# Complex Analysis/Sample Midterm Exam 2

1. Restrict $-\pi <\arg(z)\leq \pi$ , and take the corresponding branch of the logarithm:

a.$\log -1-i{\sqrt {3}}$ b.$1^{7+i}$ c. Find all 4 roots of ${\sqrt {2}}+i{\sqrt {2}}$ d $\left|e^{\log(2)+i\log({\sqrt {2}})}\right|$ 2. State the Cauchy-Riemann equations for a complex valued function $f(z)$ . If you use symbols other then $f$ and $z$ indicate how they relate to these quantities.

3. State whether the give function is holomorphic on the set where it is defined.

a. $\displaystyle 2z+2z^{2}-{\frac {1}{z}}$ b. Let $z=x+iy$ and let $f(z)=e^{ix}$ .
c. $zg(z)$ where $g(z)$ satisfies $\displaystyle {\frac {\partial }{\partial {\bar {z}}}}g(z)=0$ d. $|z|$ 4. Let $\gamma :[a,b]\to \mathbb {C}$ be a simple closed curve so that $z=0$ lies in the interior of the region bounded by $\gamma$ .

a. Suppose $n\geq 0$ and compute
$\oint _{\gamma }z^{n}\,dz,$ simply writing the correct value without any explanation will not receive credit.
b. We now consider the case corresponding to $n=-1$ . Please compute
$\oint _{\gamma }z^{-1}\,dz,$ c: Now suppose $n\leq -2$ and compute
$\oint _{\gamma }z^{n}\,dz.$ 5. Let $\gamma :[0,2\pi ]\to \mathbb {C}$ be given by $\gamma (t)=6e^{it}$ . Calculate $\displaystyle \oint _{\gamma }{\frac {\cos \zeta }{\zeta +\pi }}\,d\zeta$ 6. Let $u(x,y)=x^{2}-y^{2}$ find a function $v(x,y)$ so that $f=u+iv$ is holomorphic in the complex plane and $v(0,0)=1$ .

7.

a. Using the limit characterization of the complex derivative show that ${\bar {z}}$ is not holomorphic.
b.

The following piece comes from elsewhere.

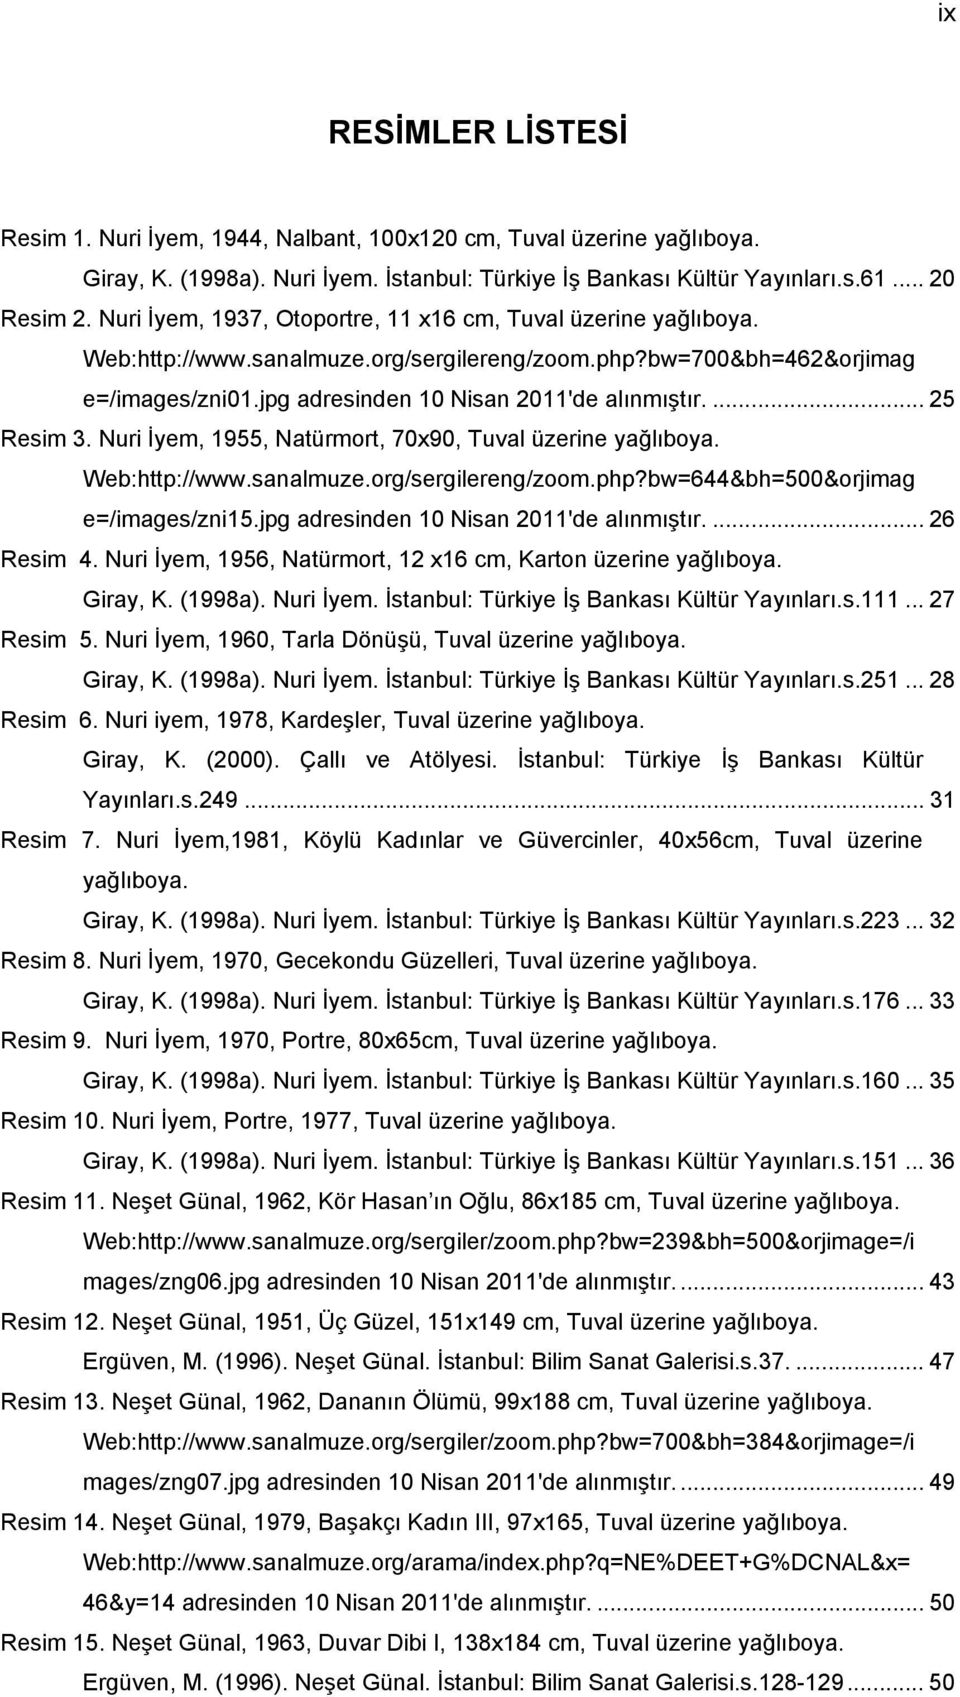 ... 25 Resim 3. Nuri İyem, 1955, Natürmort, 70x90, Tuval üzerine yağlıboya. Web:http://www.sanalmuze.org/sergilereng/zoom.php?bw=644&bh=500&orjimag e=/images/zni15.

On the other hand show that if ${\frac {\partial }{\partial z}}{\bar {z}}=0$ .
c. Do parts (a) and (b) contradict each other, explain why or why not.

8. State Cauchy's integral theorem, and intuitively what you need to know about the function, domain and contour.